The company already works with Better Cotton and Forest Stewardship Council wood, but it’s also looking at how it can be part of the thriving second-hand market, including return and reuse, perhaps through material banks. Yarrow points out that there are 100 pilot projects running worldwide that range from take-back and reselling to upcycling, sharing and leasing. “In Japan, for example, the organization is running a very successful buy-back service. You can have it valued and it will be resold in store and you get a gift card to use,” she says. More than 3,500 items have been resold.
Less is more, more, more
In addition to refining the design principles from the beginning so a product is easier to repair, reuse and upgrade during the entire life cycle, IKEA is thinking about what happens at the end of that life cycle, “so that we can either take it back, or that you as a customer can feed it back into a responsible supply chain,” says managing director Peter van der Poel.

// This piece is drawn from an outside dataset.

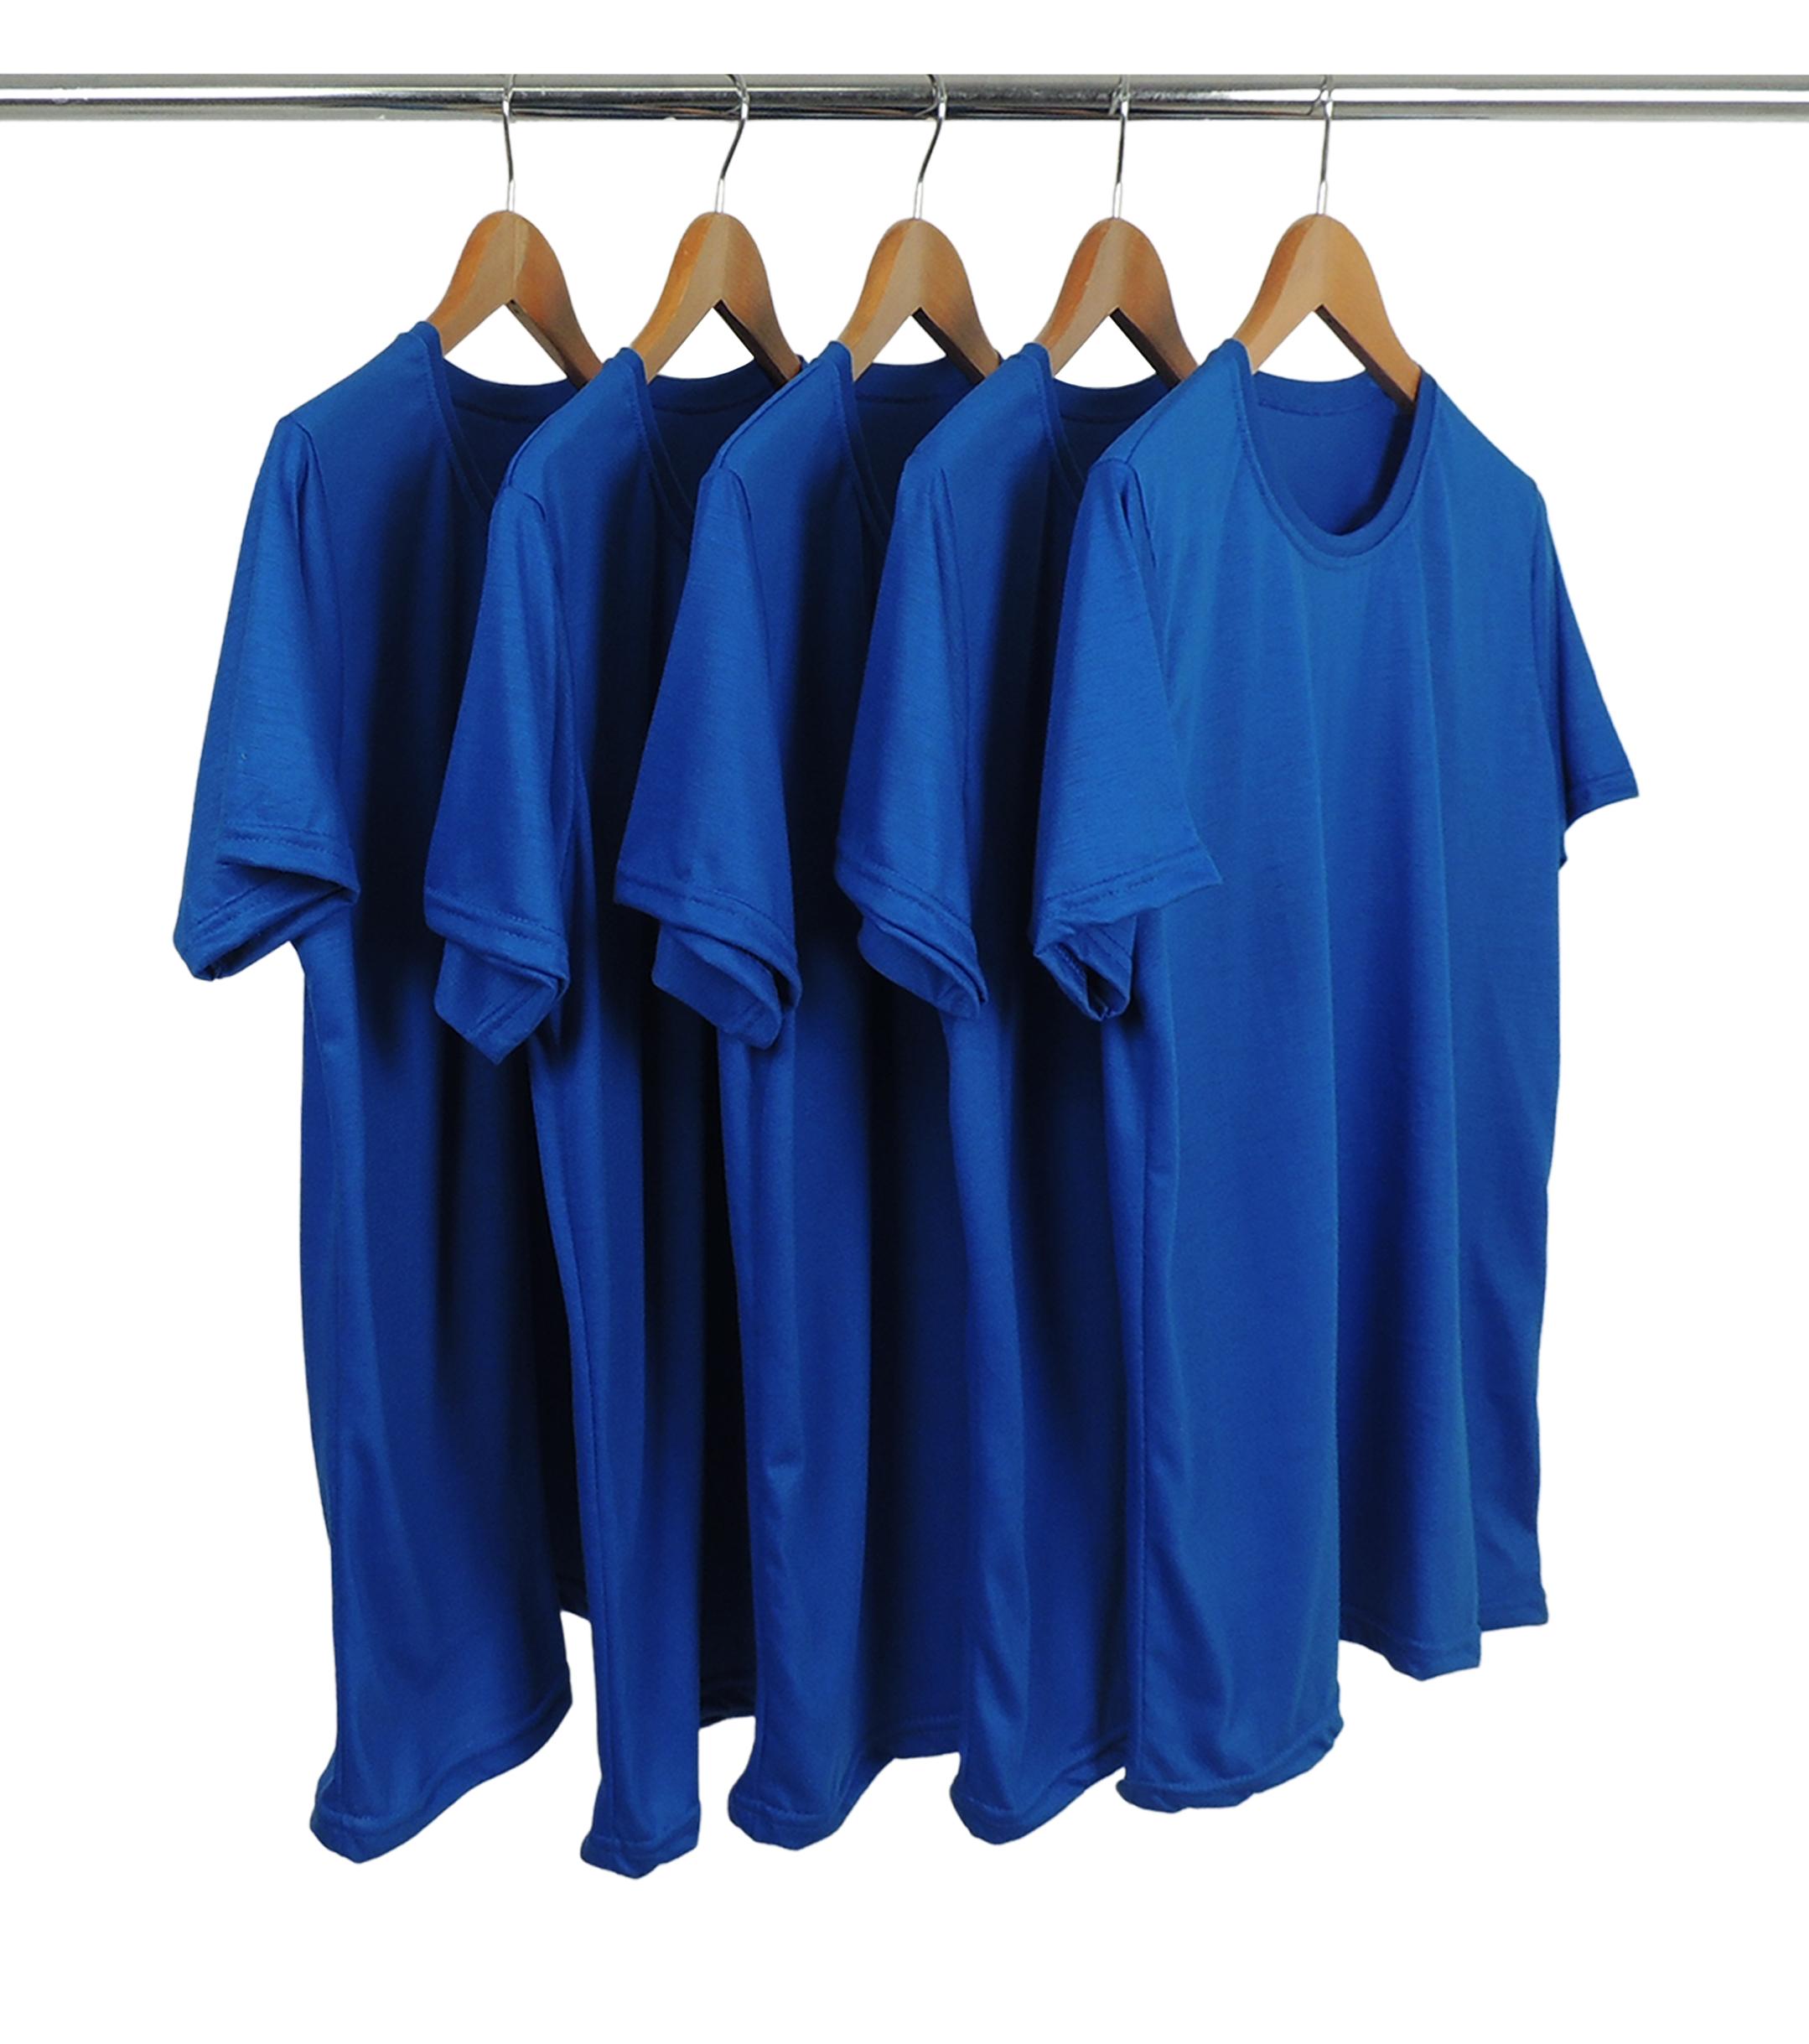 KIT 5 Camisetas de Poliéster/Sublimática Azul Royal
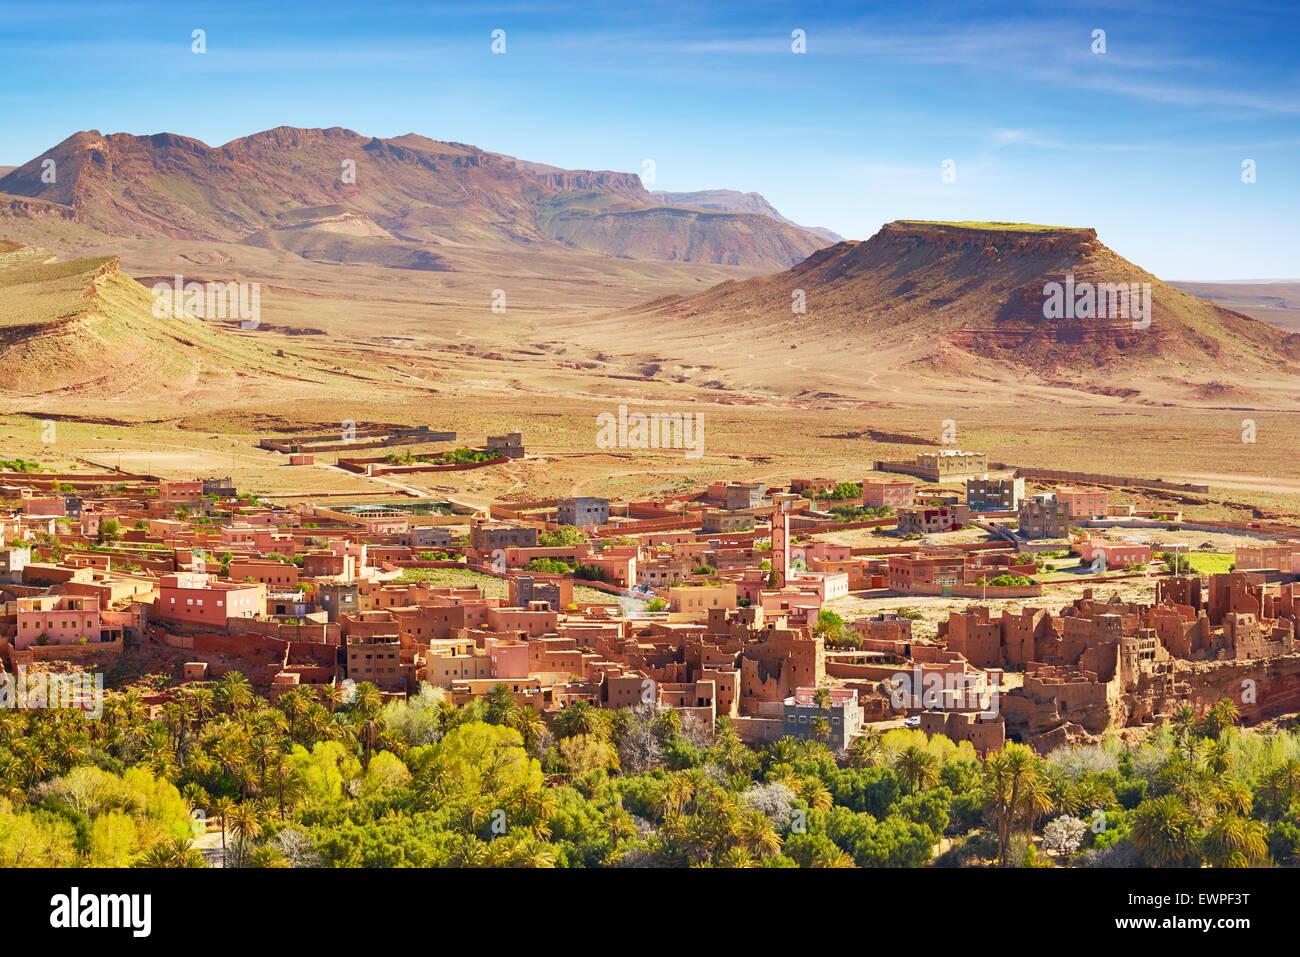 Tinghir, Todra region.  Atlas Mountain region, Morocco - Stock Image

Circularity is top of mind “for customers thinking of reselling and reusing,” van der Poel says. “It’s not going to be IKEA that is going to solve this by itself – we will need to collaborate with other retailers, but also with manufacturers, with governments, with influencers to be able to make this shift a realization.”
Vegetable footprints
“We know that 26 per cent of consumers eat less meat, 10 per cent are vegetarians and want lower-impact alternatives that people can enjoy,” says Jacqui Macalister, head of health and sustainability at IKEA Food. “And 62 per cent of our customers say that health guides their decision-making about food.” The company has taken vegan, vegetarian and flexitarian diets seriously by increasing the number of plant-based food items in the IKEA Bistro range; there are already veggie meatballs (that cost more to produce but are sold on par with the original meat version), and the company’s new plant-based soft-serve ice cream, currently being tested in Portugal, will be in the range internationally next summer. A plant-based veggie dog will be available in Canada by the end of the year. Expanding IKEA’s plant-based offerings is the way forward, Macalister says, and the veggie hot dogs have a carbon footprint six times lower than regular ones.
The writer travelled courtesy of Ikea. It did not review or approve this article.